>>
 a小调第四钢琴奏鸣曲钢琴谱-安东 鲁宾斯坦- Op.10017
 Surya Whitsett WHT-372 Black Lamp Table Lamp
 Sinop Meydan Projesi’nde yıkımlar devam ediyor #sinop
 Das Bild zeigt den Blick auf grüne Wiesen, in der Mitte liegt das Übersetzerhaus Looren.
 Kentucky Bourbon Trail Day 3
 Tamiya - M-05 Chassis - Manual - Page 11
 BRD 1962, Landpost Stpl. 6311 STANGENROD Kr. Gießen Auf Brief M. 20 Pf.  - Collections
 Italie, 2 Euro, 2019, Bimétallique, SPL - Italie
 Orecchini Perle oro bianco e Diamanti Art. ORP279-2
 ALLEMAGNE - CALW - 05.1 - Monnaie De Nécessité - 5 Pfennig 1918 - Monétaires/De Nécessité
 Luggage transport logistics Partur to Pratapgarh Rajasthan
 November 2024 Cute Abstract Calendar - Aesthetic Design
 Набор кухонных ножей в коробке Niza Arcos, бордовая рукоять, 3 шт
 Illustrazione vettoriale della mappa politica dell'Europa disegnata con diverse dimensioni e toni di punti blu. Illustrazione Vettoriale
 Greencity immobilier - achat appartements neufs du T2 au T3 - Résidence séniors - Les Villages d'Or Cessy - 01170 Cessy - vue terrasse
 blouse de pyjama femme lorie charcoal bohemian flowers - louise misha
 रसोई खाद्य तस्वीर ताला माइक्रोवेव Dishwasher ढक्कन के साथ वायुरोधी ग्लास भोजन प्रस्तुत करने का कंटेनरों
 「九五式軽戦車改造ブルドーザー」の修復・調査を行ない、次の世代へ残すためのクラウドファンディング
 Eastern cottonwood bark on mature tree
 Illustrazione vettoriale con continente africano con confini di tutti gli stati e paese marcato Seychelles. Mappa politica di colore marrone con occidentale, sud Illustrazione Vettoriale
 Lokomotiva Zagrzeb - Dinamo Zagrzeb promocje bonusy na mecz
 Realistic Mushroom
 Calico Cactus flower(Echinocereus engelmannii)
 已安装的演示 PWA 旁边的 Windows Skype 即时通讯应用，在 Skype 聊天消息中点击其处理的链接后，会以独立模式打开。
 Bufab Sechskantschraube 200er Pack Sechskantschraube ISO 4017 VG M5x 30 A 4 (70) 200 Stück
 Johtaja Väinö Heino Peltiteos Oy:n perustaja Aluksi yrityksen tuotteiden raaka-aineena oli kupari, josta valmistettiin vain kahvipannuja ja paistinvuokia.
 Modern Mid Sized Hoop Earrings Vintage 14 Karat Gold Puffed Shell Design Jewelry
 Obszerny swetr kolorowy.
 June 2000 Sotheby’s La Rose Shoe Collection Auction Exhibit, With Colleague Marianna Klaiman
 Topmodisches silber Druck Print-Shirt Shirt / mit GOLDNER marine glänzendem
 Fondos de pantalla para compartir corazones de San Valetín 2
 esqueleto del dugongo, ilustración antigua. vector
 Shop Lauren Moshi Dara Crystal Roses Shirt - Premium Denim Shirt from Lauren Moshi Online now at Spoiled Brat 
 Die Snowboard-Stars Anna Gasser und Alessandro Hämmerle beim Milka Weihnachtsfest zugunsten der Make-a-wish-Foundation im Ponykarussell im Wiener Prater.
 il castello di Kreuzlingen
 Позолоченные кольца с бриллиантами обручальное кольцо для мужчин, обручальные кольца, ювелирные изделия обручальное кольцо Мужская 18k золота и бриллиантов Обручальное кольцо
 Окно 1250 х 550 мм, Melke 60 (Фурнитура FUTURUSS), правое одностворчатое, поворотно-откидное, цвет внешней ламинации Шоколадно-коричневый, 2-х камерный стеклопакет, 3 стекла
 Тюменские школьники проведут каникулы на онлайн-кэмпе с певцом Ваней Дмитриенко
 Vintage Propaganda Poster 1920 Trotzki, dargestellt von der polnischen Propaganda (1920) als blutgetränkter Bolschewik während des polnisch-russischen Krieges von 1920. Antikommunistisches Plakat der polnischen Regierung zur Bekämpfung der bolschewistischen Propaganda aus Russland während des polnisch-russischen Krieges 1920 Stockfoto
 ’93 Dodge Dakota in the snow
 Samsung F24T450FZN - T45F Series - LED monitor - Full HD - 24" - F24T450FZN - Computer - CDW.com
<<
Exercise: In the entries above, identify every line with the string "politica".

Completed task:
 Illustrazione vettoriale della mappa politica dell'Europa disegnata con diverse dimensioni e toni di punti blu. Illustrazione Vettoriale
 Illustrazione vettoriale con continente africano con confini di tutti gli stati e paese marcato Seychelles. Mappa politica di colore marrone con occidentale, sud Illustrazione Vettoriale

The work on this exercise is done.